* _Work task_: In the material below, print every line exactly and omit the pictures.
*** Data shown Section Begins ***
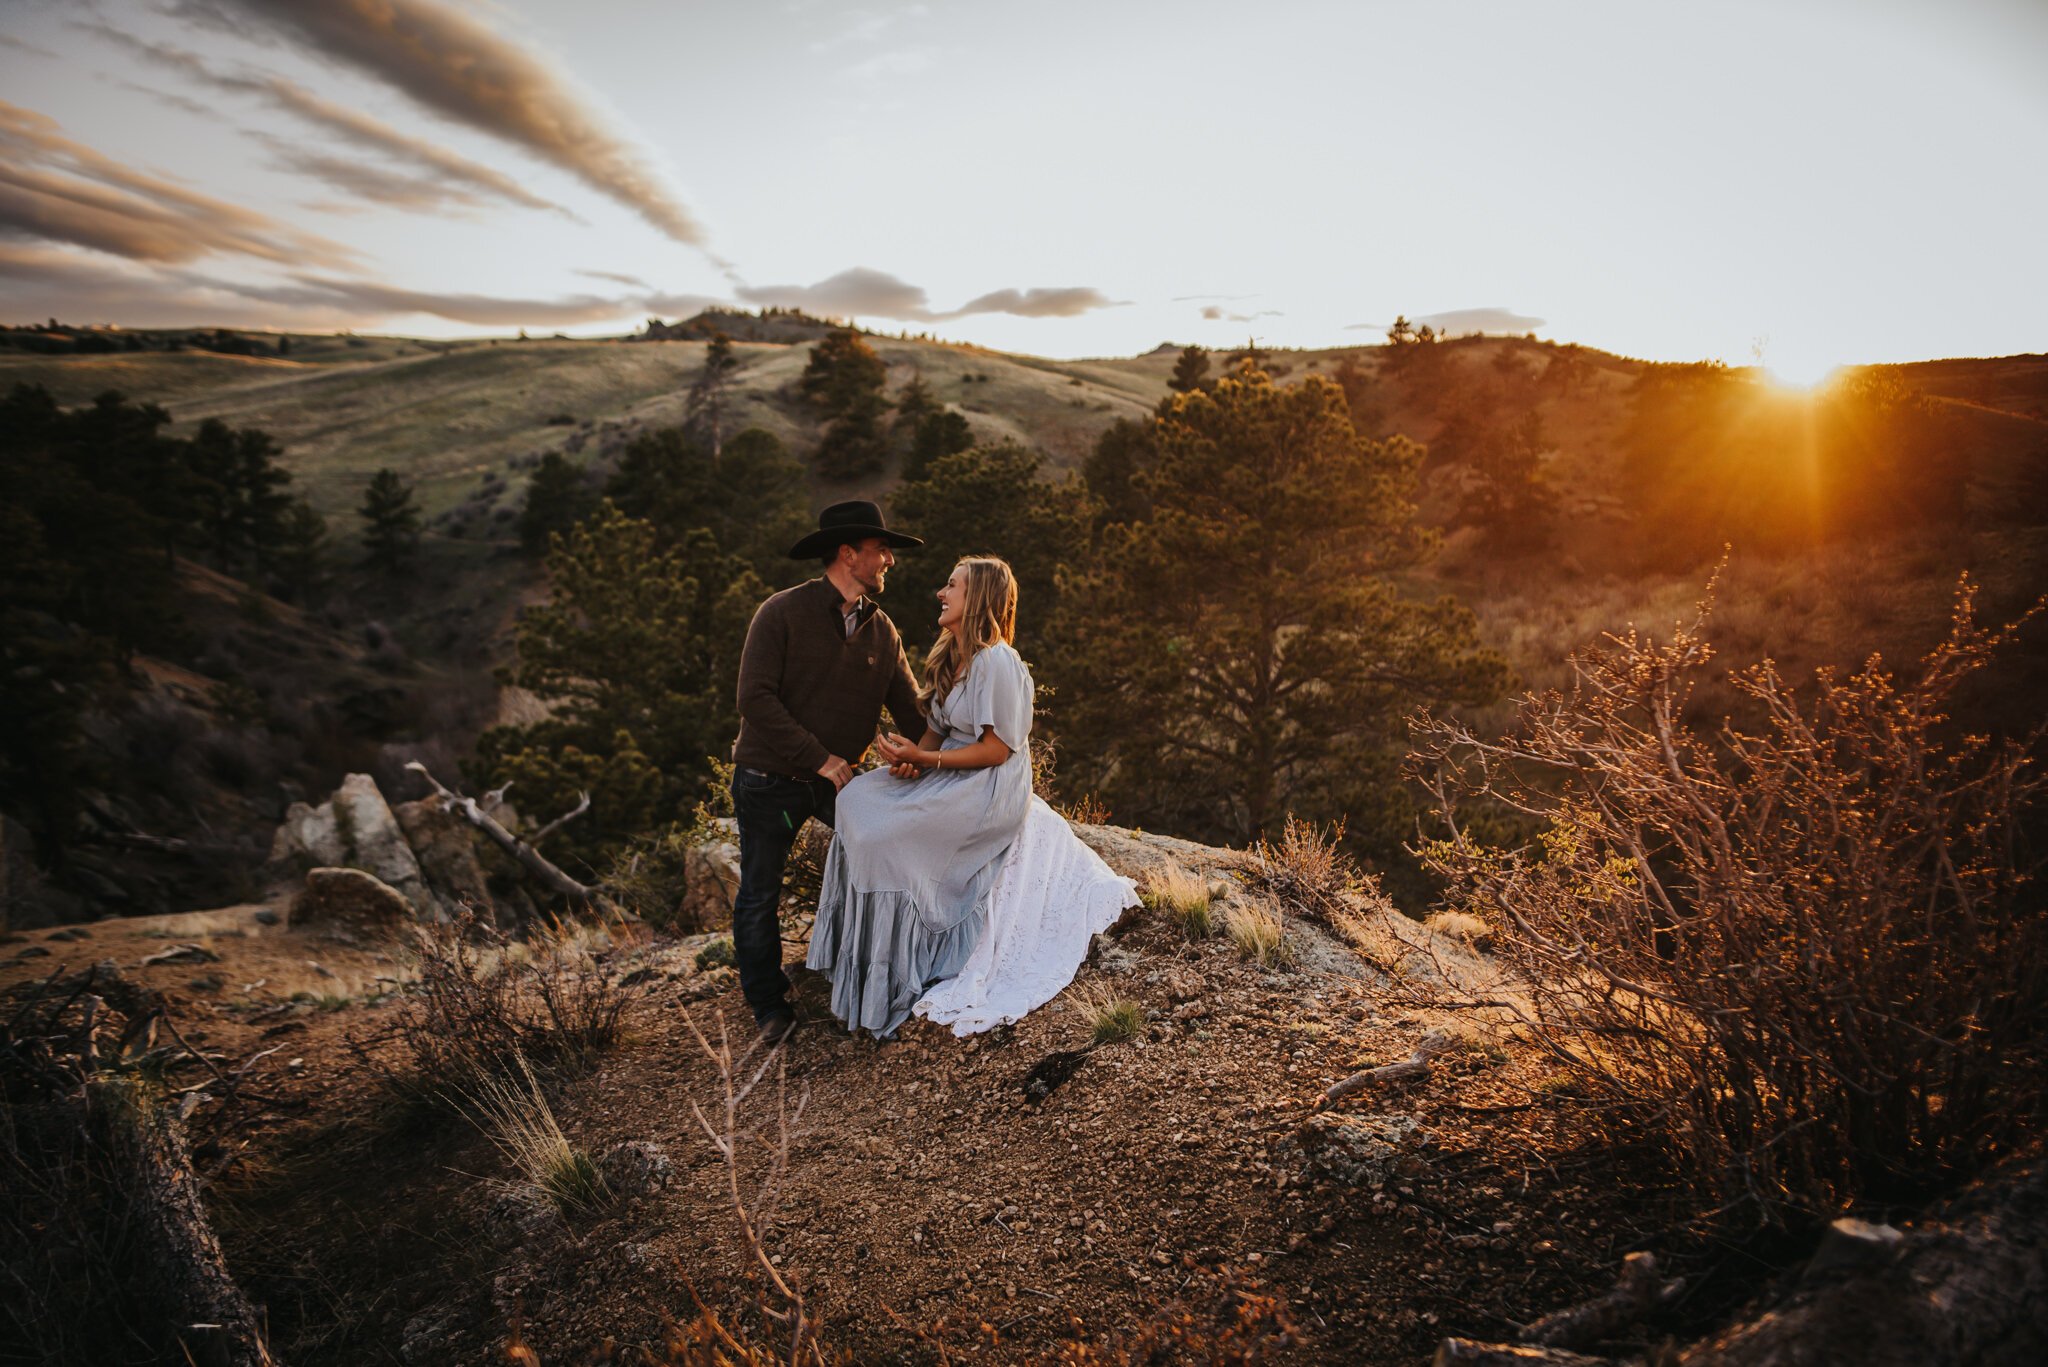 Shelby+and+Brady+Engagement+Session+Cheyenne+Wyoming+Sunset+Water+Fields+Rocks+Nature+Colorado+Photographer+Wild+Prairie+Photography-31-2020.jpeg
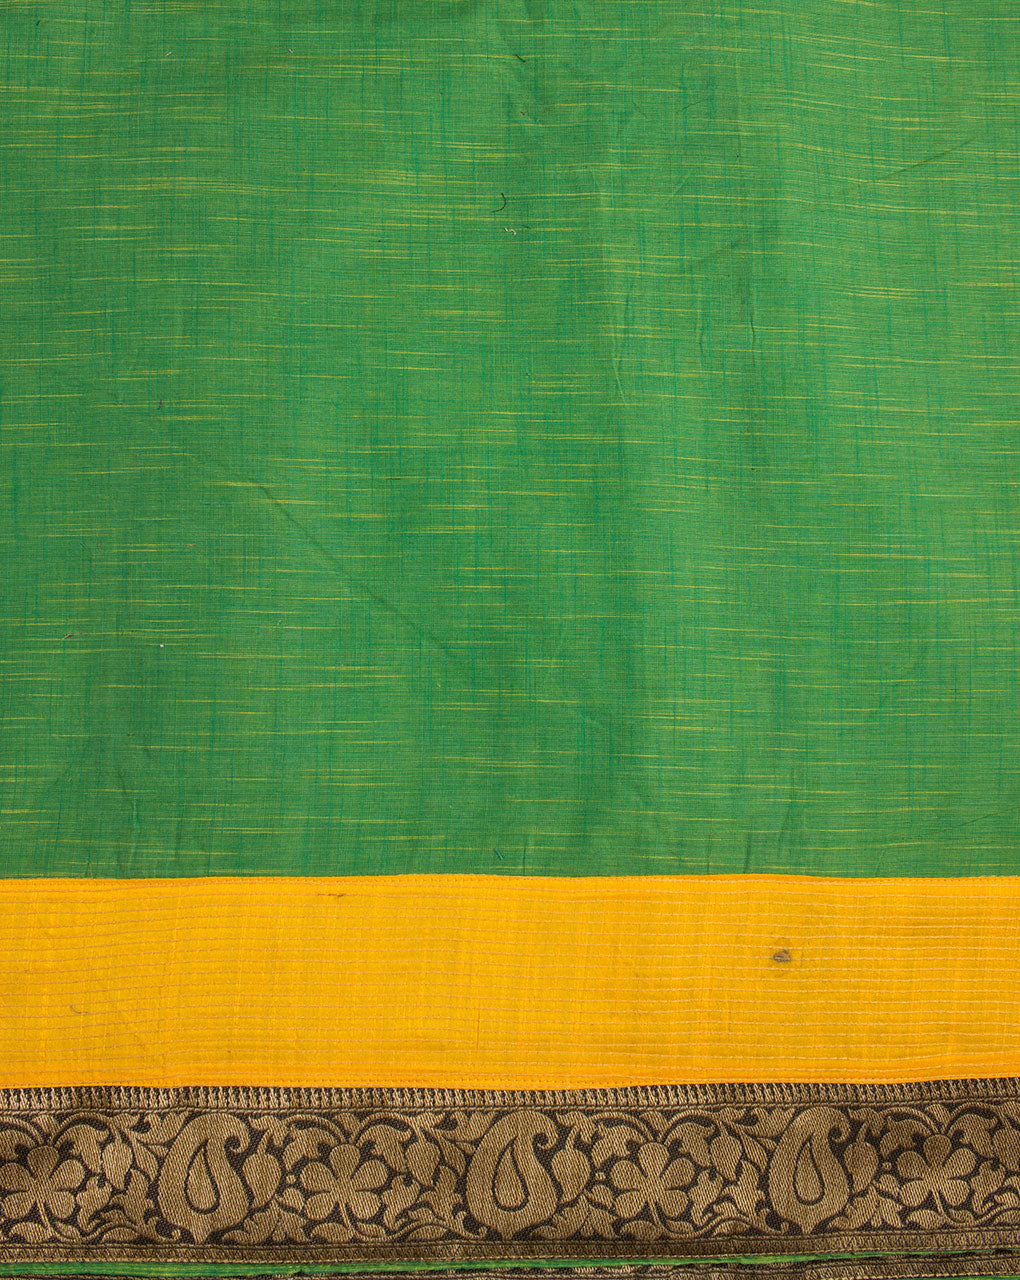 Green Plain Woven Loom Textured Cotton Fabric - Fabriclore.com
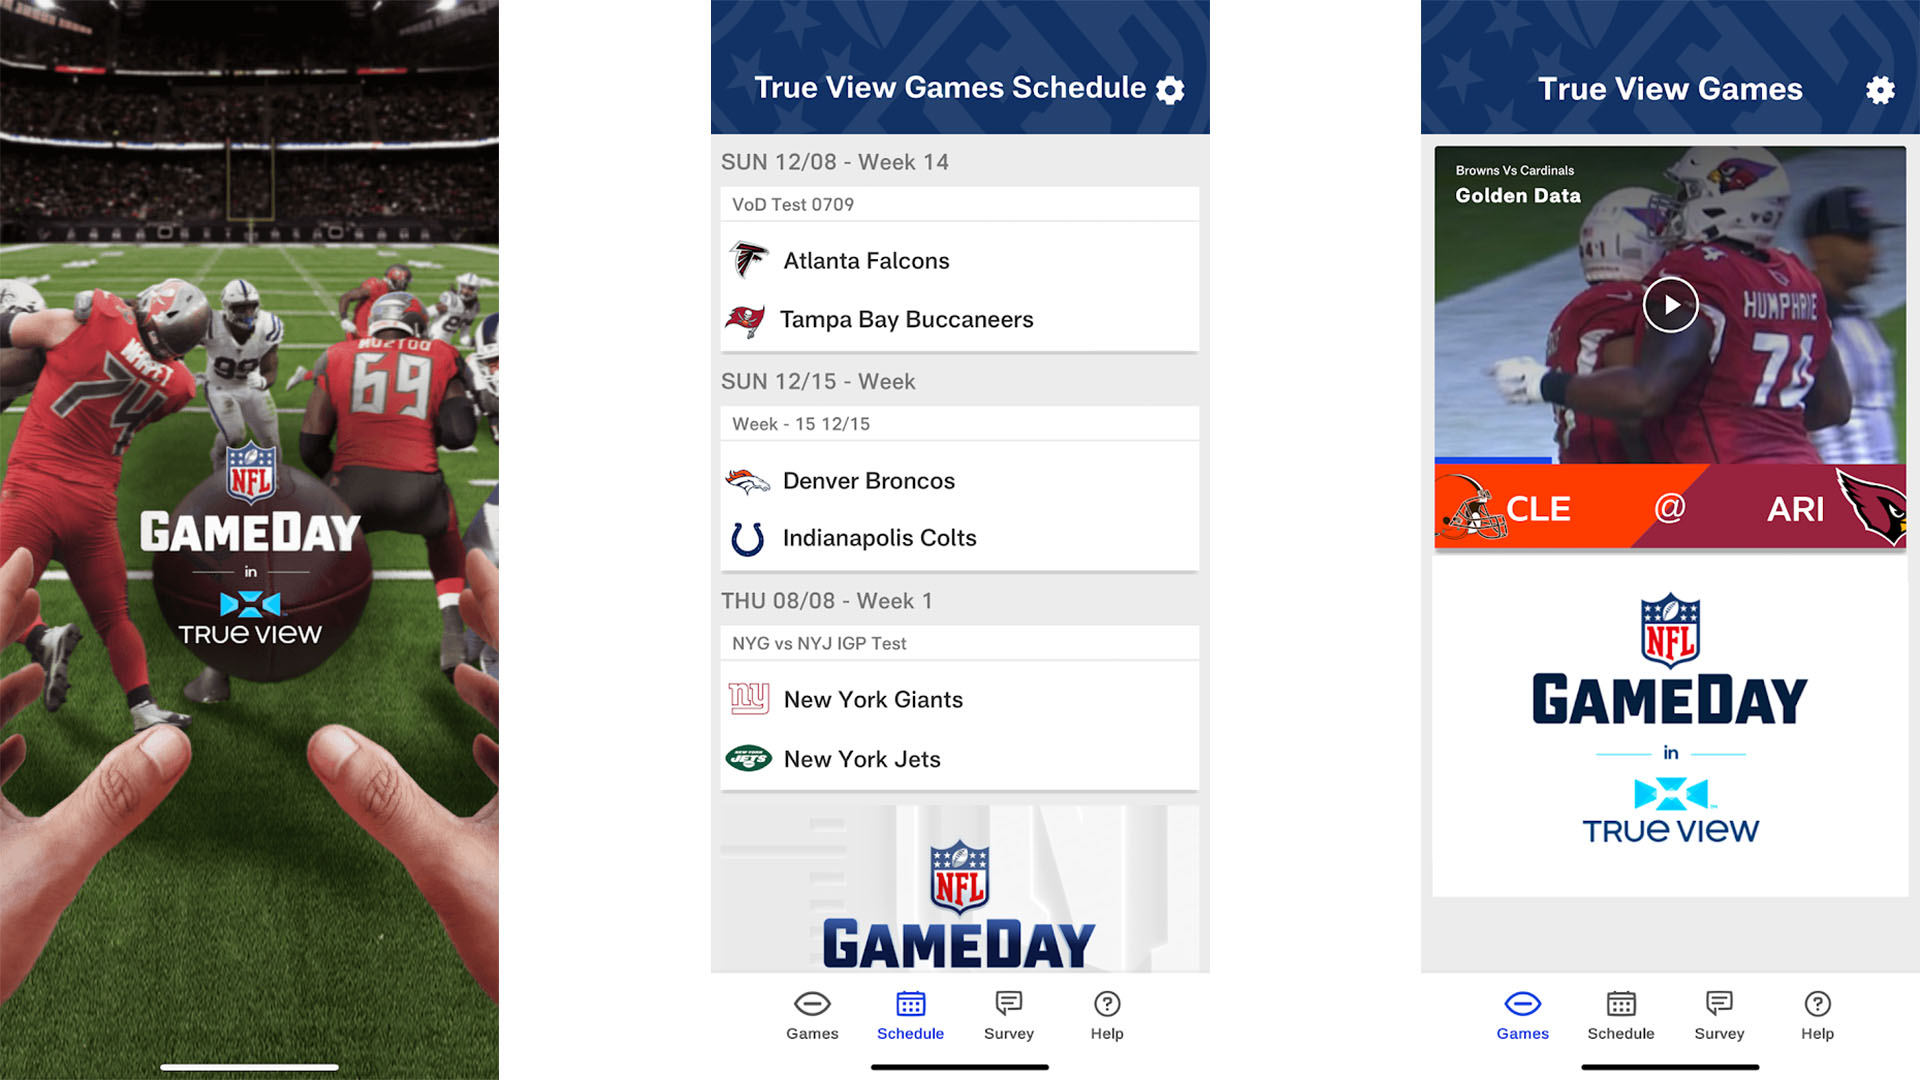 NFL Game Day in True View screenshot
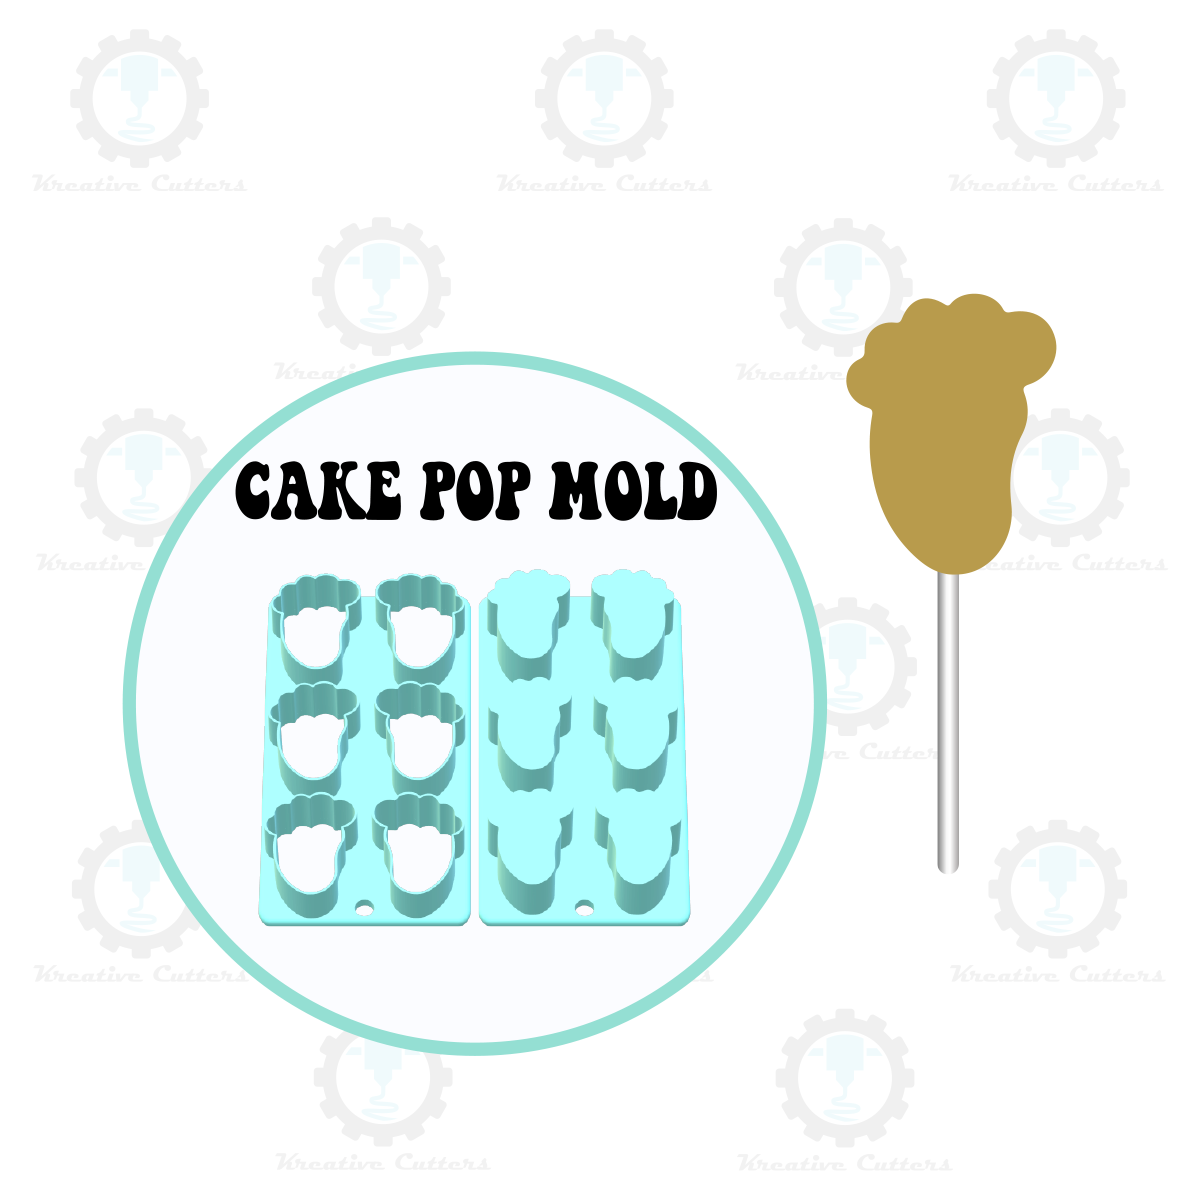 Baby Feet Cake Pop Mold | Single or Multi-popper
*** Data shown Section Ends ***
* _Response box_:
 Shelby+and+Brady+Engagement+Session+Cheyenne+Wyoming+Sunset+Water+Fields+Rocks+Nature+Colorado+Photographer+Wild+Prairie+Photography-31-2020.jpeg
 Green Plain Woven Loom Textured Cotton Fabric - Fabriclore.com
 NFL Game Day in True View screenshot
 Baby Feet Cake Pop Mold | Single or Multi-popper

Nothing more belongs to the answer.